-- Input follows --

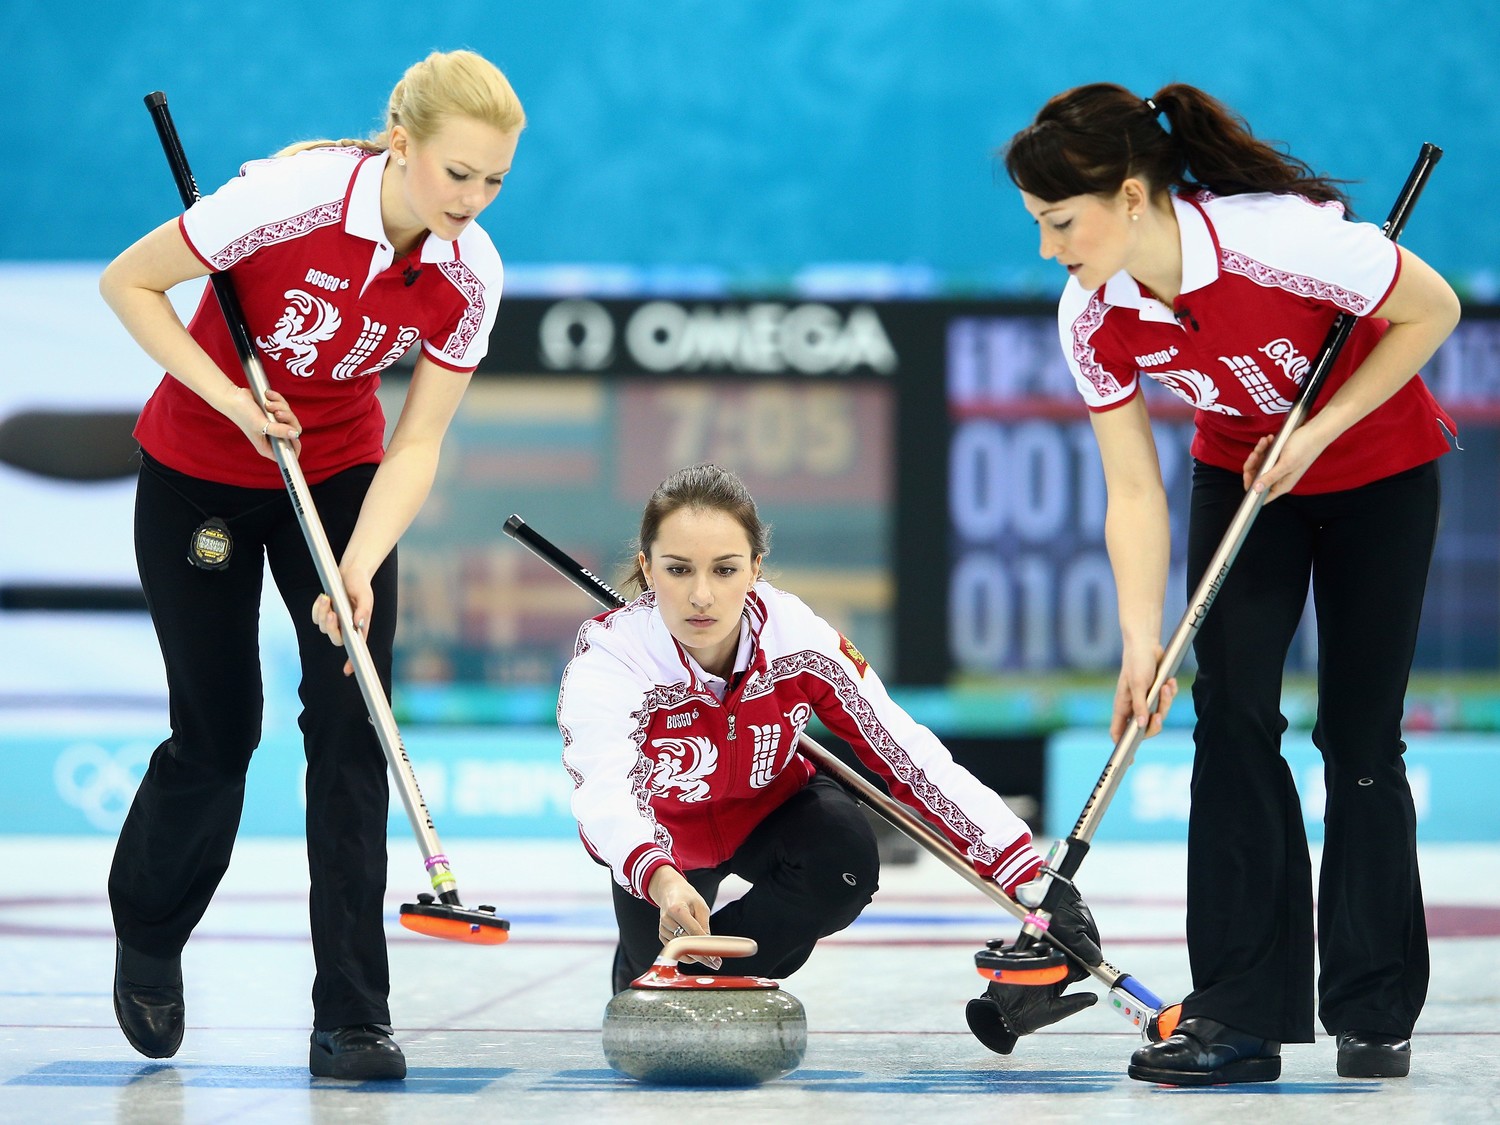 Кёрлинг (англ. curling) - это олимпийский командный вид спорта, в котором к...
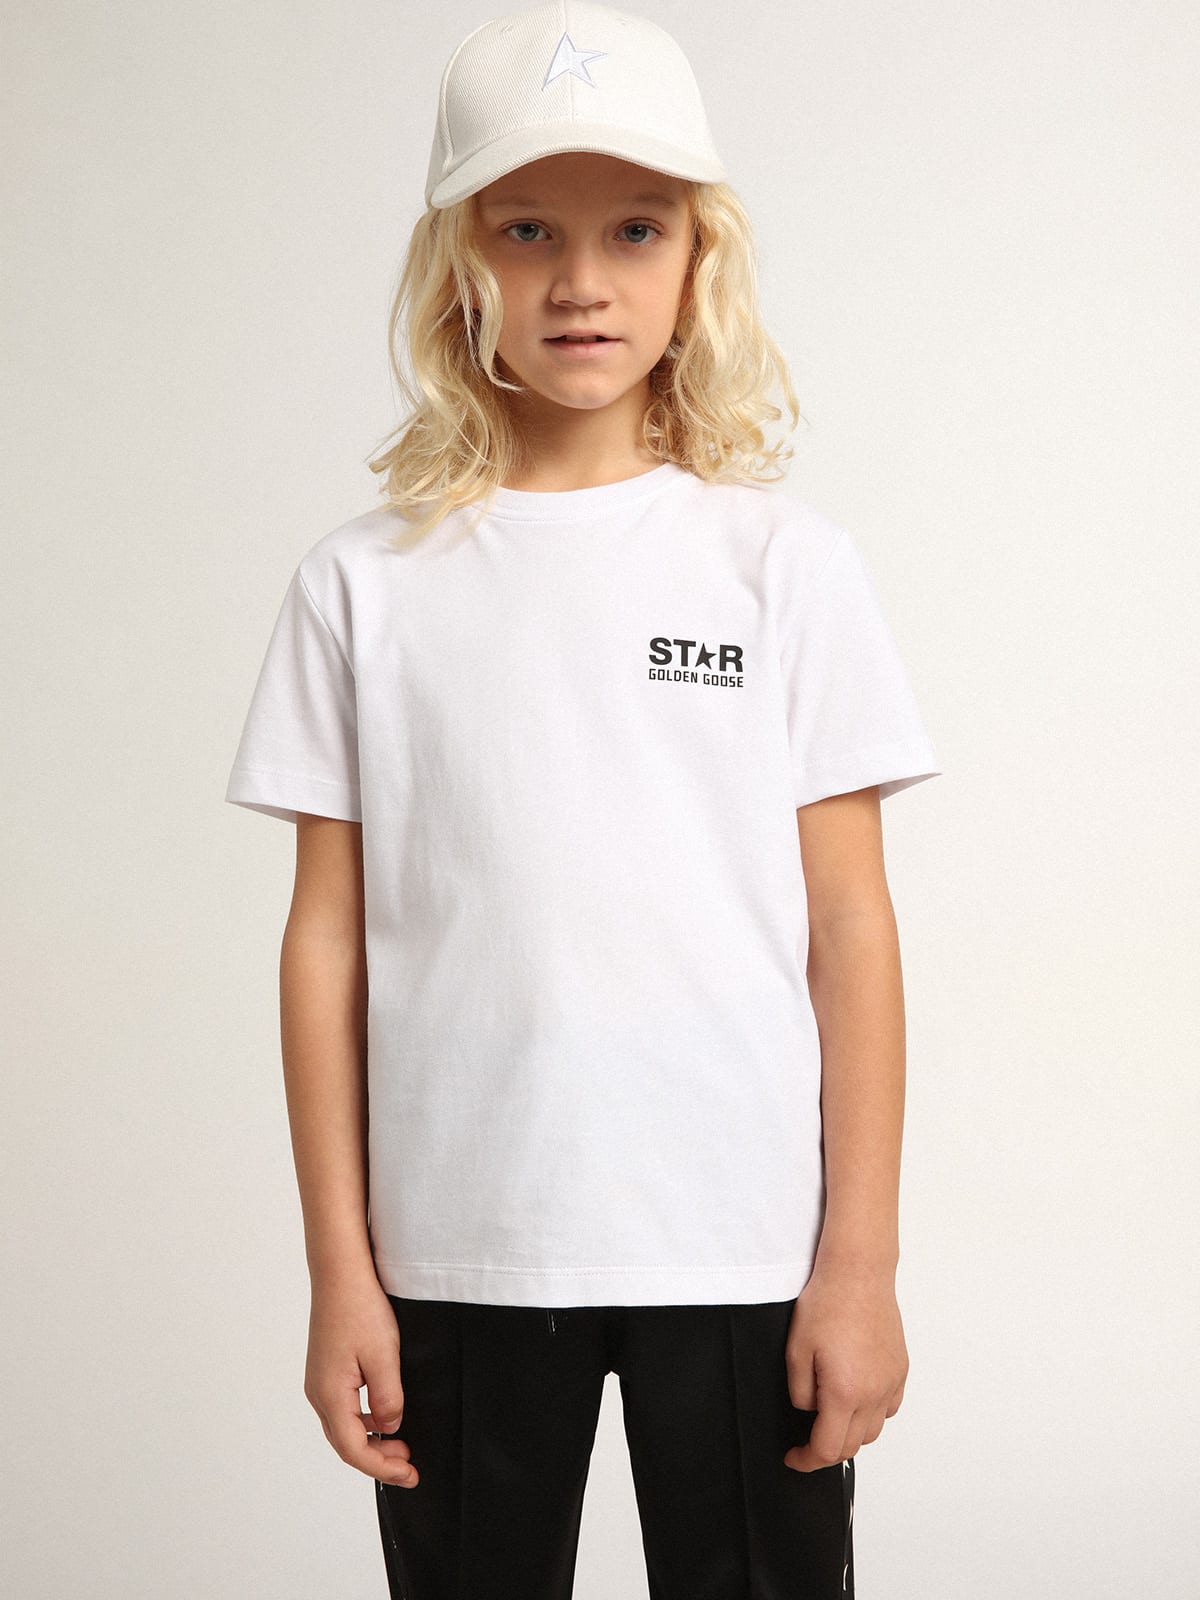 Golden Goose - Weißes T-Shirt aus der Star Collection mit Logo und Stern in kontrastierendem Schwarz in 
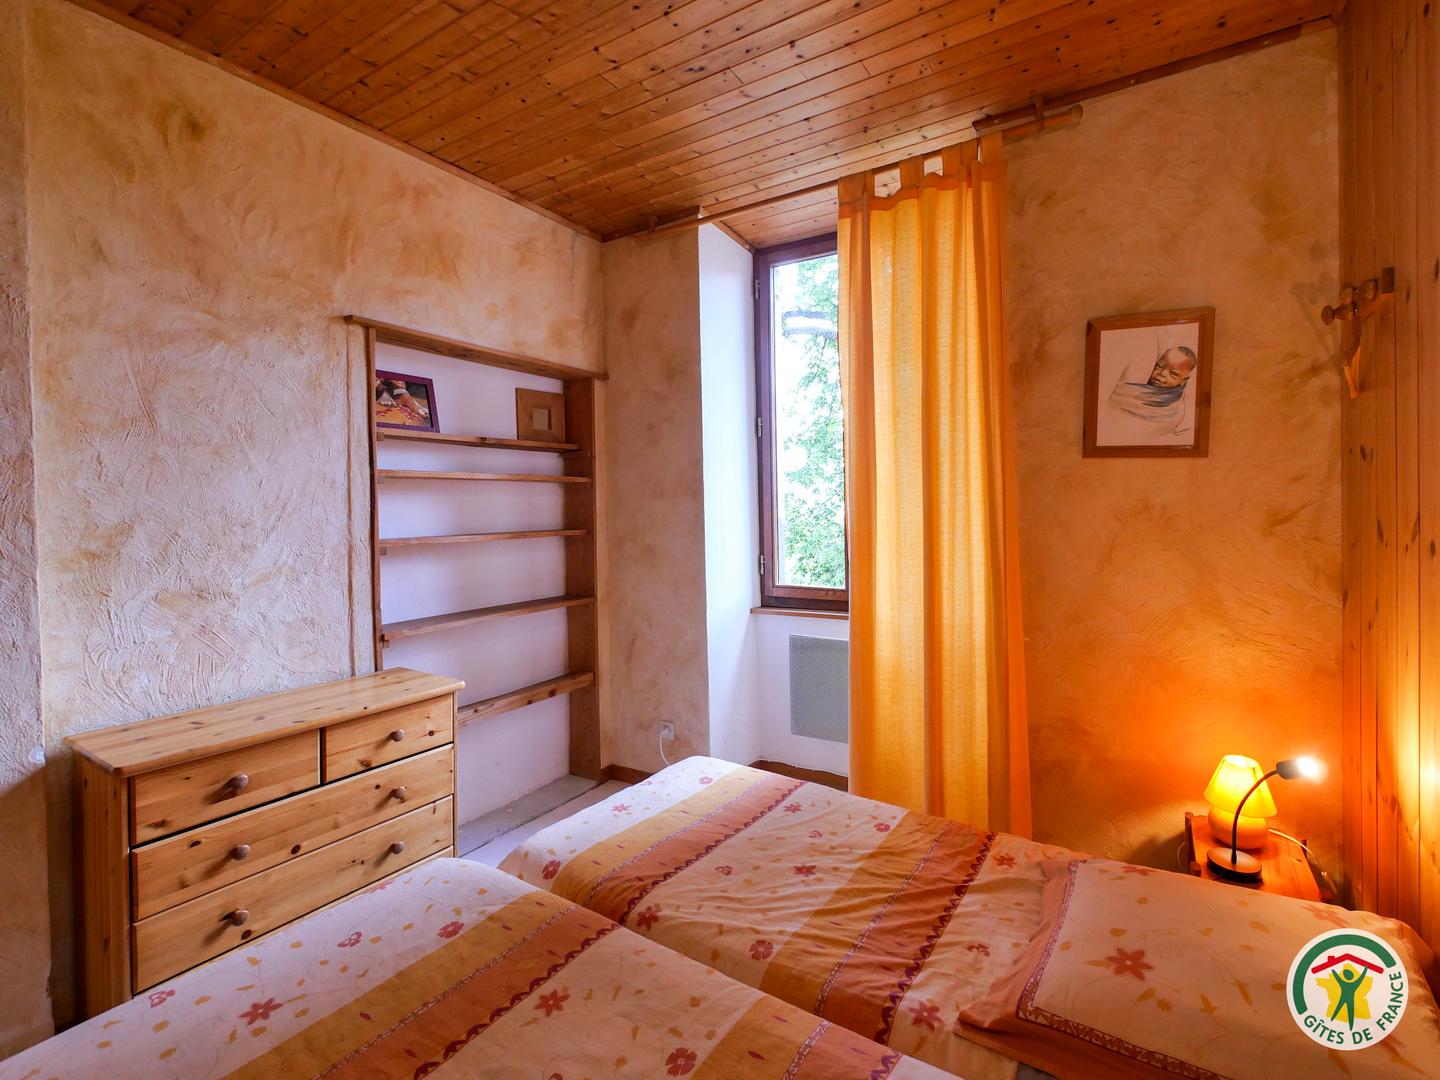 Logement GreenGo: Grand Gîte montagnard 9-11 pl., avec grand sauna tonneau chauffé au feu de bois, Gap, Hautes-Alpes - Image 6
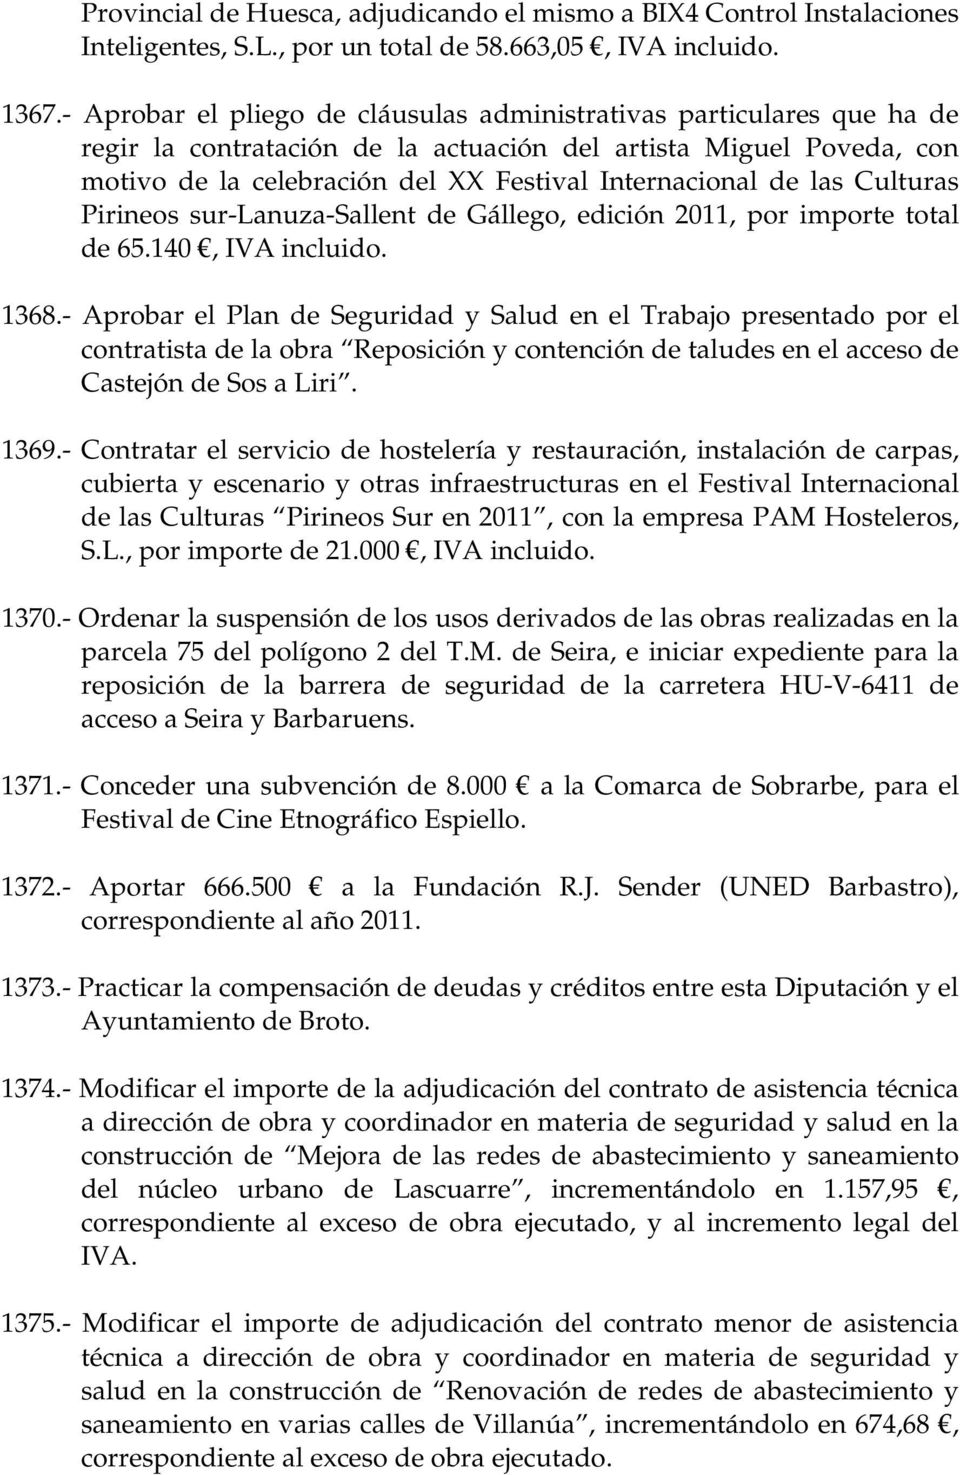 las Culturas Pirineos sur-lanuza-sallent de Gállego, edición 2011, por importe total de 65.140, IVA incluido. 1368.
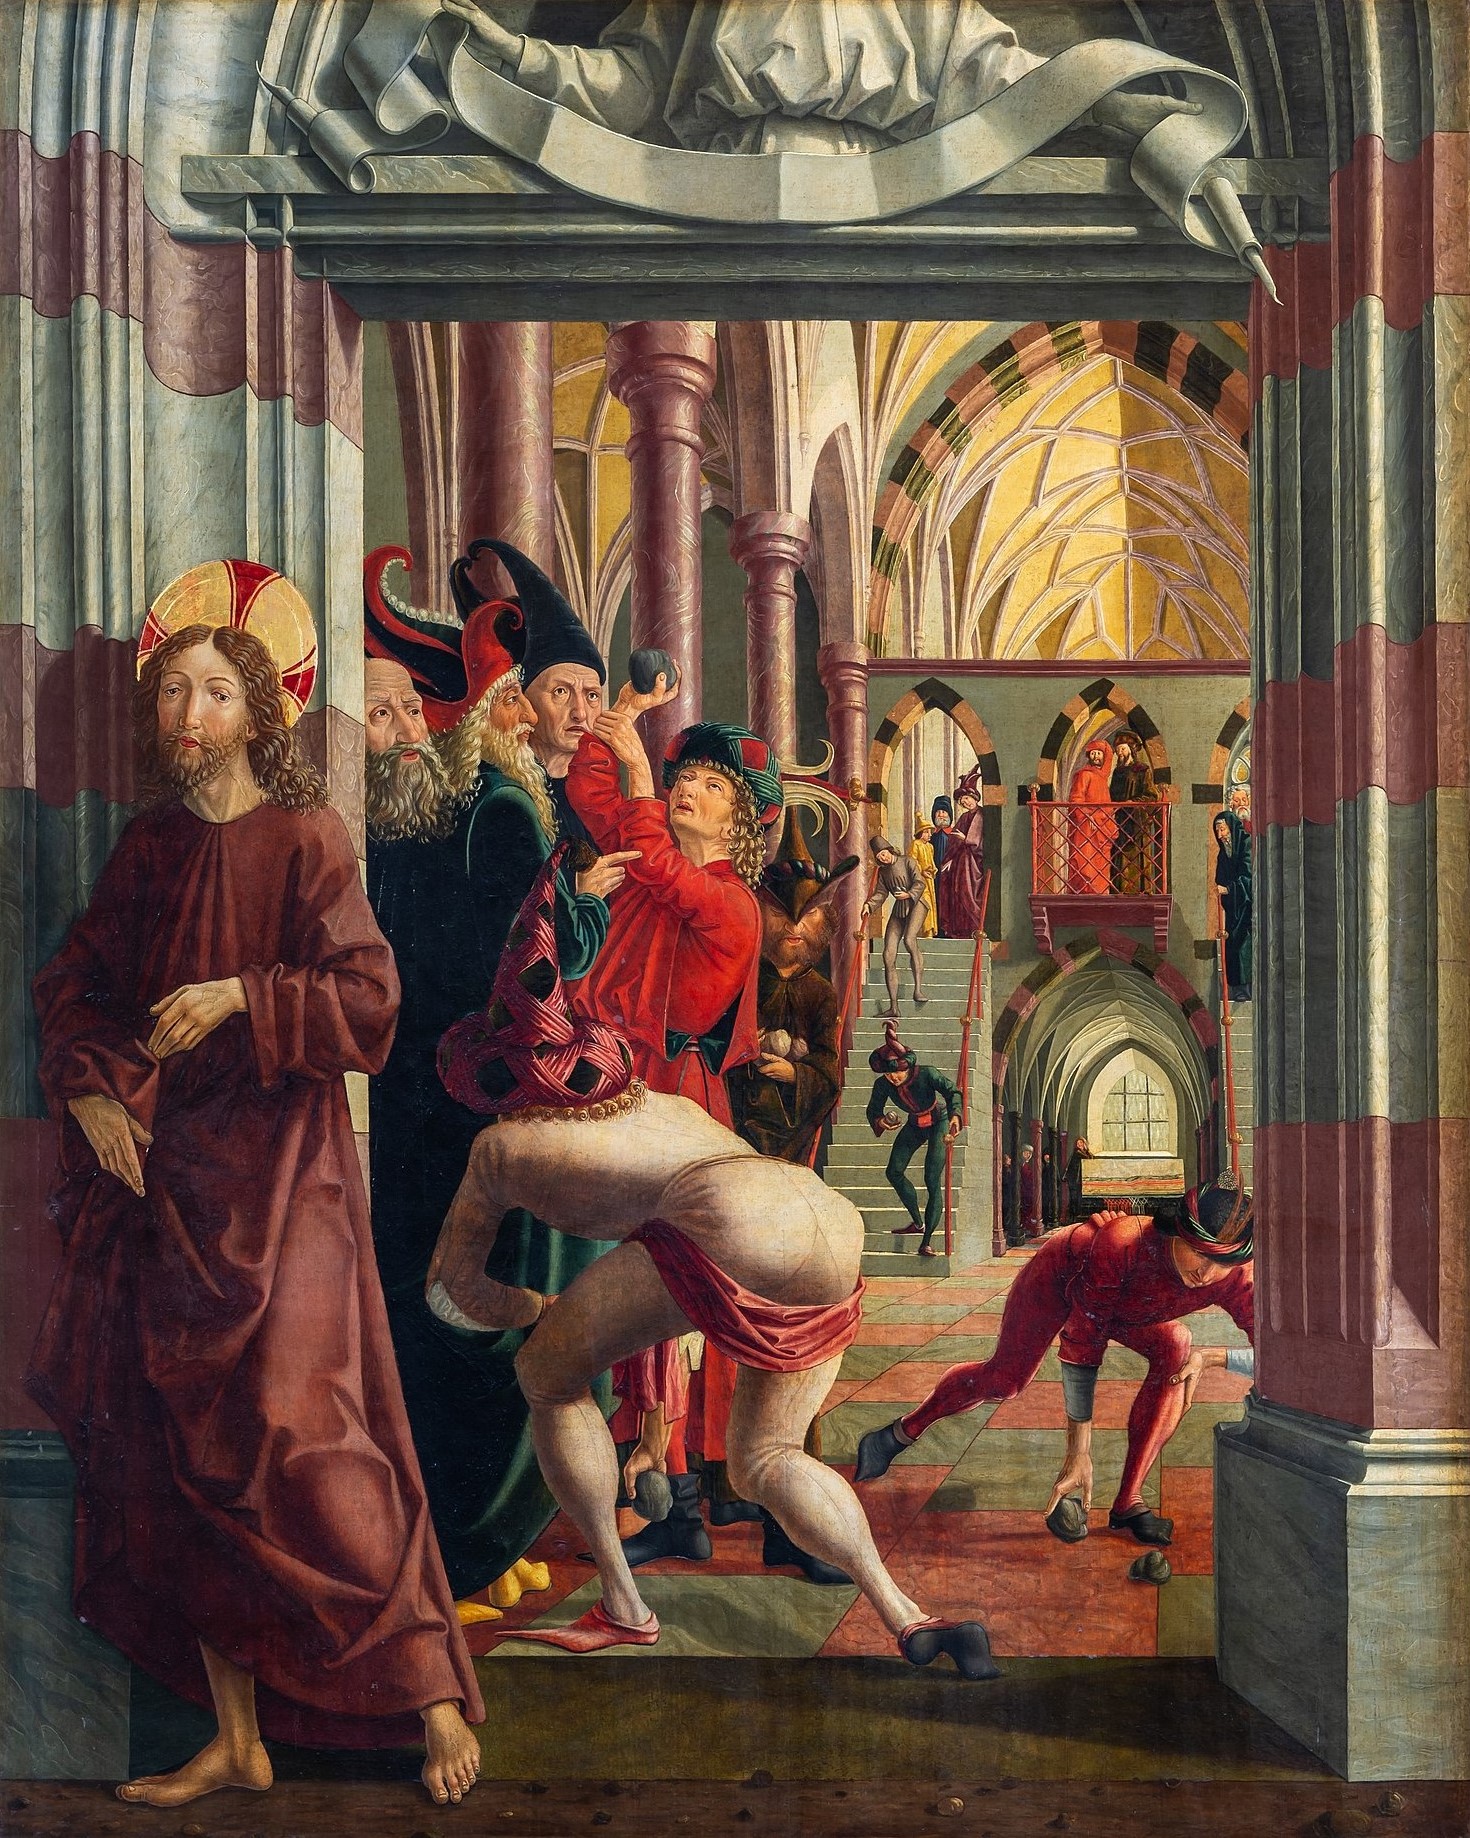 archers 1471–81 Michael Pacher, La Tentative de lapidation du Christ,St._Wolfgang_kath._Pfarrkirche

-- Input concluded --

Pictures should be left out when the records above are restated exactly.

 Кёрлинг (англ. curling) - это олимпийский командный вид спорта, в котором к...
 Golden Goose - Weißes T-Shirt aus der Star Collection mit Logo und Stern in kontrastierendem Schwarz in 
 Logement GreenGo: Grand Gîte montagnard 9-11 pl., avec grand sauna tonneau chauffé au feu de bois, Gap, Hautes-Alpes - Image 6
 las Culturas Pirineos sur-lanuza-sallent de Gállego, edición 2011, por importe total de 65.140, IVA incluido. 1368.
 archers 1471–81 Michael Pacher, La Tentative de lapidation du Christ,St._Wolfgang_kath._Pfarrkirche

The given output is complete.